The velocity of a projectile at its maximum height is zero. This is because at the highest point of the projectile's trajectory, all of its initial kinetic energy has been converted into potential energy, causing the velocity to momentarily become zero.
What is the magnitude of the velocity of a vertical projectile at its maximum height is equal to?
The horizontal component of a projectile's velocity doesn't change, until the projectile hits somethingor falls to the ground.The vertical component of a projectile's velocity becomes [9.8 meters per second downward] greatereach second. At the maximum height of its trajectory, the projectile's velocity is zero. That's the pointwhere the velocity transitions from upward to downward.
The angle of projection of a projectile for which the horizontal range and maximum height are equal?
45 degrees.
What is the relationship between range and height of projectile?
The range of a projectile is influenced by both the initial velocity and launch angle, while the height of the projectile is affected by the launch angle and initial height. Increasing the launch angle typically decreases the range but increases the maximum height of the projectile.
What is the maximum height reached by a projectile shot straight up from the Earth's surface at a speed of 10000 km/hr?
The maximum height reached by a projectile shot straight up from the Earth's surface at a speed of 10000 km/hr is approximately 138.9 kilometers.
What is the maximum height reached by a projectile shot straight up from the Earth's surface at a speed of 8000 km/hr?
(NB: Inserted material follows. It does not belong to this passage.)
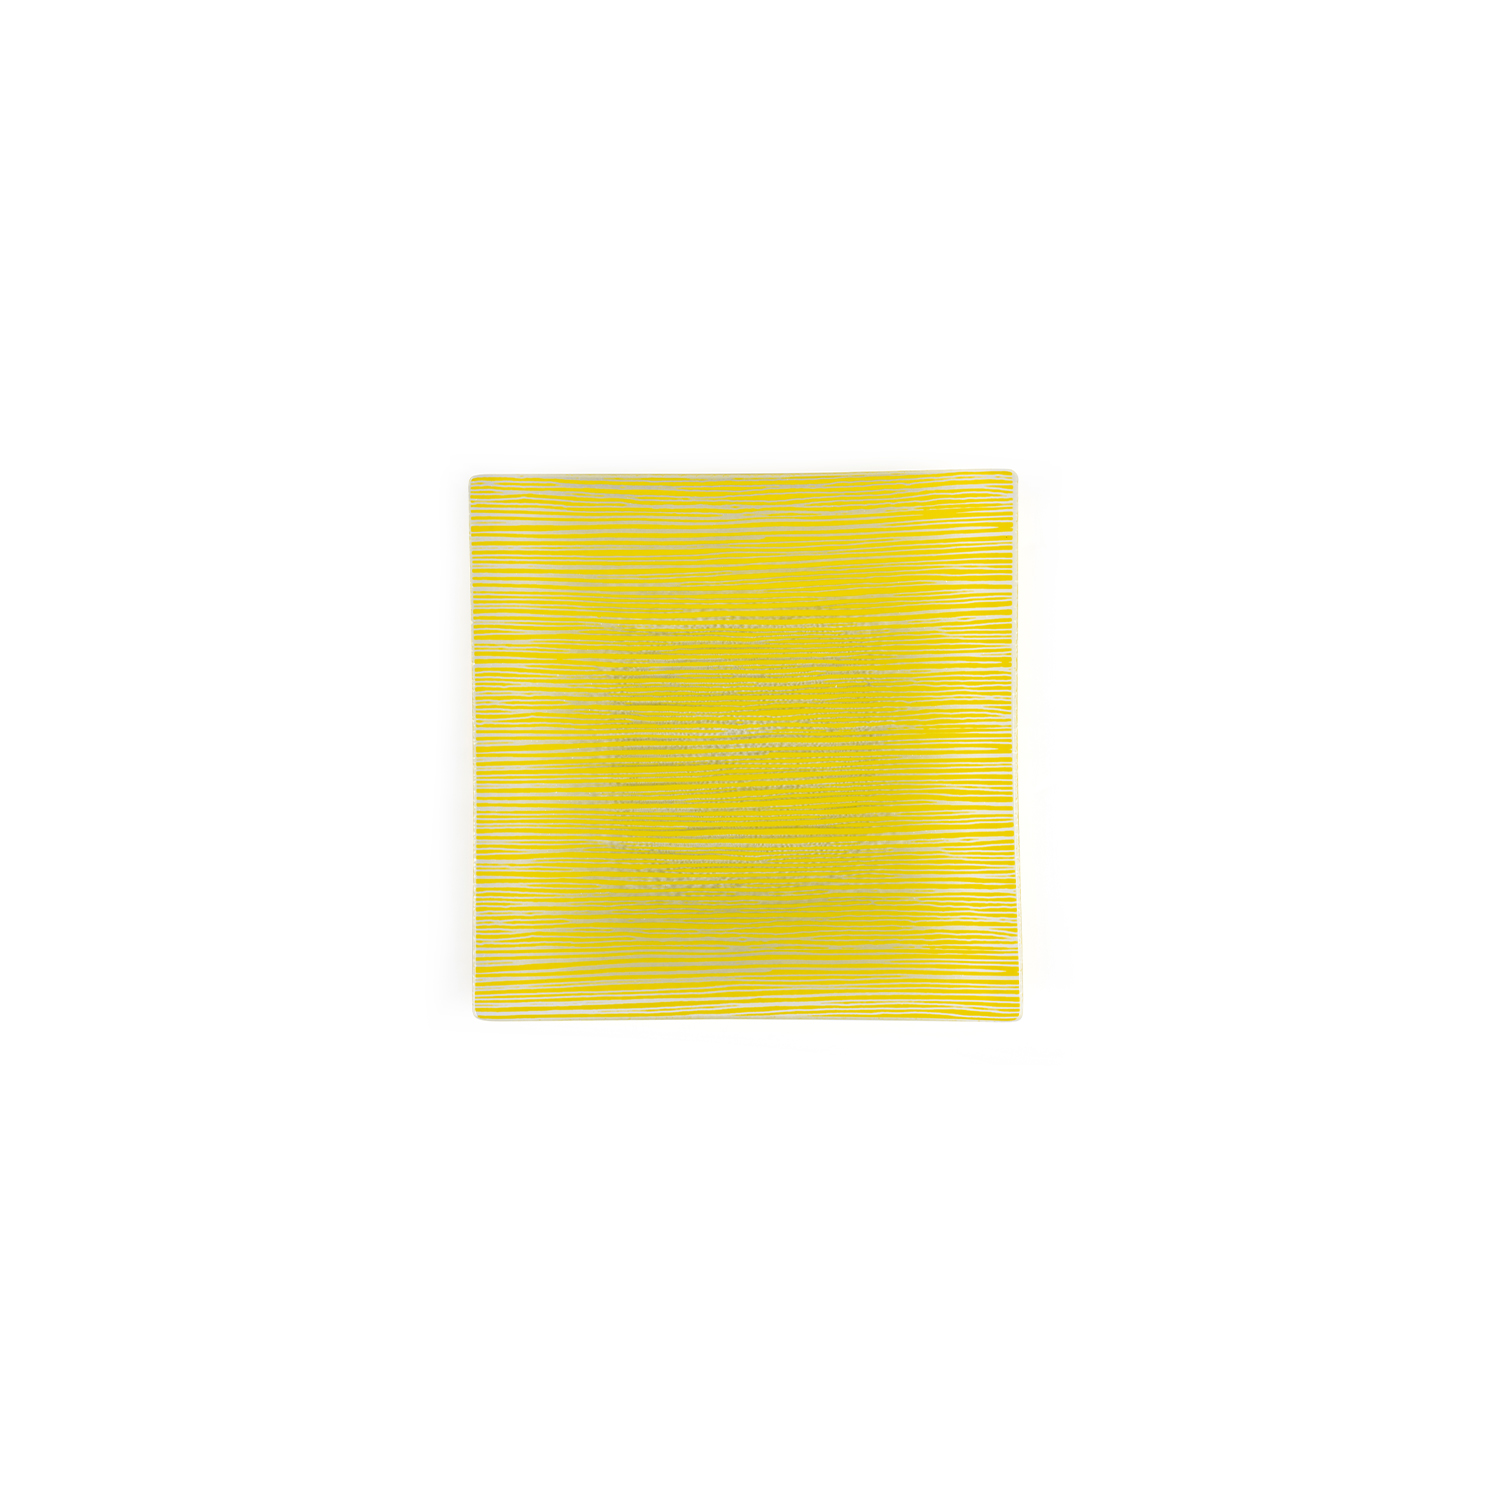 Fusion Glass Plate Yellow Square 7.75″ x 7.75″ x 0.5″  CasePack:12

The maximum height reached by a projectile shot straight up from the Earth's surface at a speed of 8000 km/hr is approximately 222.22 kilometers.
What is the maximum height reached by a projectile shot straight up from the Earth's surface at a speed of 9000 km/hr?
The maximum height reached by a projectile shot straight up from the Earth's surface at a speed of 9000 km/hr is approximately 225 kilometers.
How does the launch angle relate to the initial speed of the projectile?
The launch angle and initial speed of a projectile are both factors that determine the range and height of the projectile. A higher launch angle with the same initial speed will typically result in a longer range but lower maximum height. Conversely, a lower launch angle with the same initial speed will result in a shorter range but a higher maximum height.
What is the maximum height reached by a projectile shot straight up from the Earth's surface at a speed of 1.20104 km/hr?
The maximum height reached by a projectile shot straight up from the Earth's surface at a speed of 1.20 x 104 km/hr is approximately 72 kilometers.